In 2002, while working at the Women's Environment and Development Organization in New York City on assignment from ACEGA, Musyimi-Ogana attended a planning meeting on the women's response for the Earth Summit 2002. Mandisa Monakali presented ideas from local women's groups, which included a Women's Peace Train and proposed that Musyimi-Ogana should organise it. The goal of the train was to build solidarity among women in Sub-Saharan Africa and raise awareness to the issues that war and violence caused for women and children. The women at the planning meeting also drafted a document to ensure that women's priorities were included in the agenda of the summit for the first time. Among those priorities were a commitment to gender equality in sustainable development projects and policies, equal access to resources needed for women's livelihoods, equal representation in governance, research into whether policies and programmes met the needs of women and children, global commitment to 100 per cent literacy and protections for Indigenous knowledge, recognition that access to basic health services is a human right, and a commitment to peace with a focus on peace-building. Musyimi-Ogana returned to Kenya, where she became the regional director of the African Center for Empowerment, Gender, and Advocacy and lead organiser of the peace train. Women from Rwanda brought the peace torch to Kampala, Uganda, where the train left on 16 August. It made stops in Kenya, Tanzania, Malawi, Mozambique, Zimbabwe, Zambia, and Botswana before arriving in Johannesburg, South Africa on 25 August. Musyimi-Ogana rode the train with her youngest child. The outcome of the summit was to include women's empowerment and ensure Indigenous people's participation in the implementation and decision-making processes in order to reach the United Nations' developmental goals.

In 2004, the New Partnership for Africa's Development (NEPAD) created the office of Gender and Civil Society Organisations. They hired Musyimi-Ogana, as director, and charged her with evaluating the NEPAD Programme for Action and making recommendations to specifically ensure that the plan included a focus on achieving gender equality, which it had not contained previously. As part of the policy advisory group on United Nations Security Council Resolution 1325, she met with other leaders like Scholastica Kimaryo (Tanzania), United Nations Development Programme Resident Representative to South Africa; Nomcebo Manzini (Eswatini) of UNIFEM; Hodan Addou (Somalia), UNIFEM's Regional Peace and Security Adviser for East, Central and Southern Africa; Valerie Nyirahabineza, Rwandan Minister of Gender and Promotion of the Family; Magdalene Madibela, head of the gender sector for the Southern African Development Community; Bernadette Lahai (Sierra Leone), member of parliament; and professor Pumla Gobodo-Madikizela (South Africa) in 2005 to discuss women's involvement in African peacemaking policies.

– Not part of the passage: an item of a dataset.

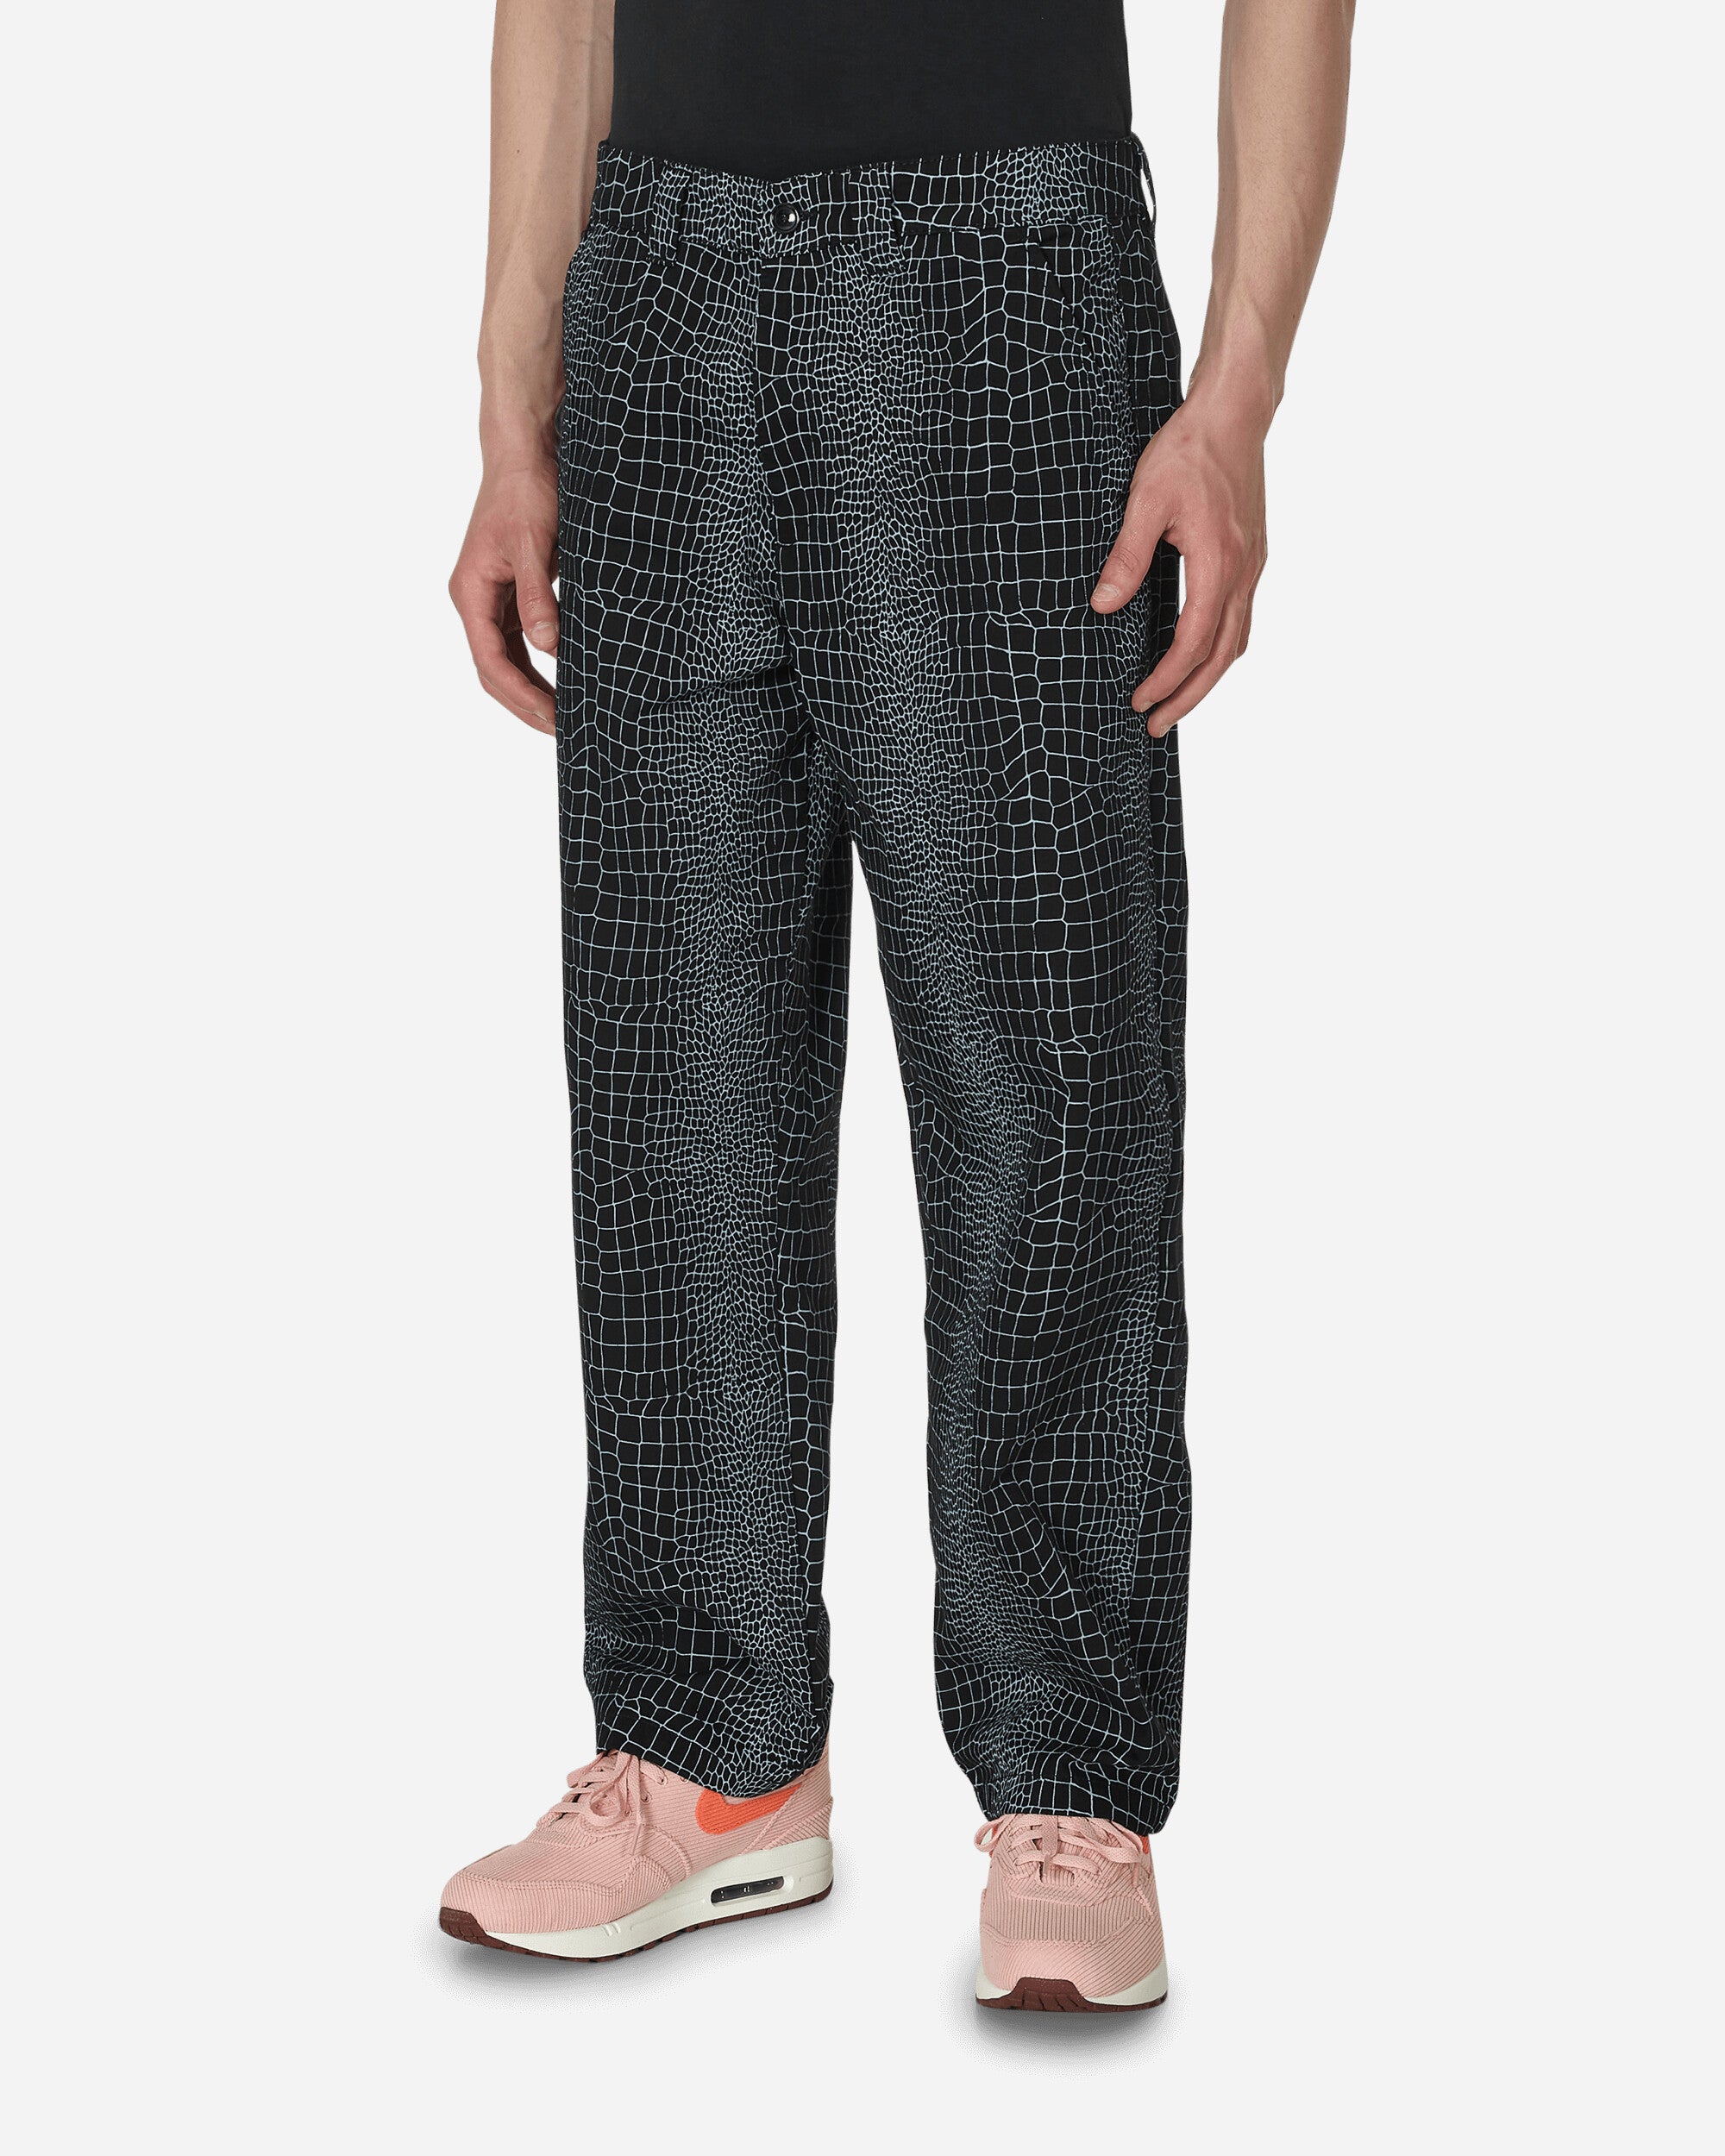 Imitation leather trousers - Black/Crocodile-patterned - Ladies | H&M

Musyimi-Ogana became the director of the African Union Commission's department of Women, Gender and Development in 2007. Her post required oversight and coordination of the gender policies of the 53 member-states of the African Union to ensure compliance with the requirements of the Maputo Protocol and Solemn Declaration of Gender Equality in Africa, as well as international treaty obligations such as the Convention on the Elimination of All Forms of Discrimination Against Women.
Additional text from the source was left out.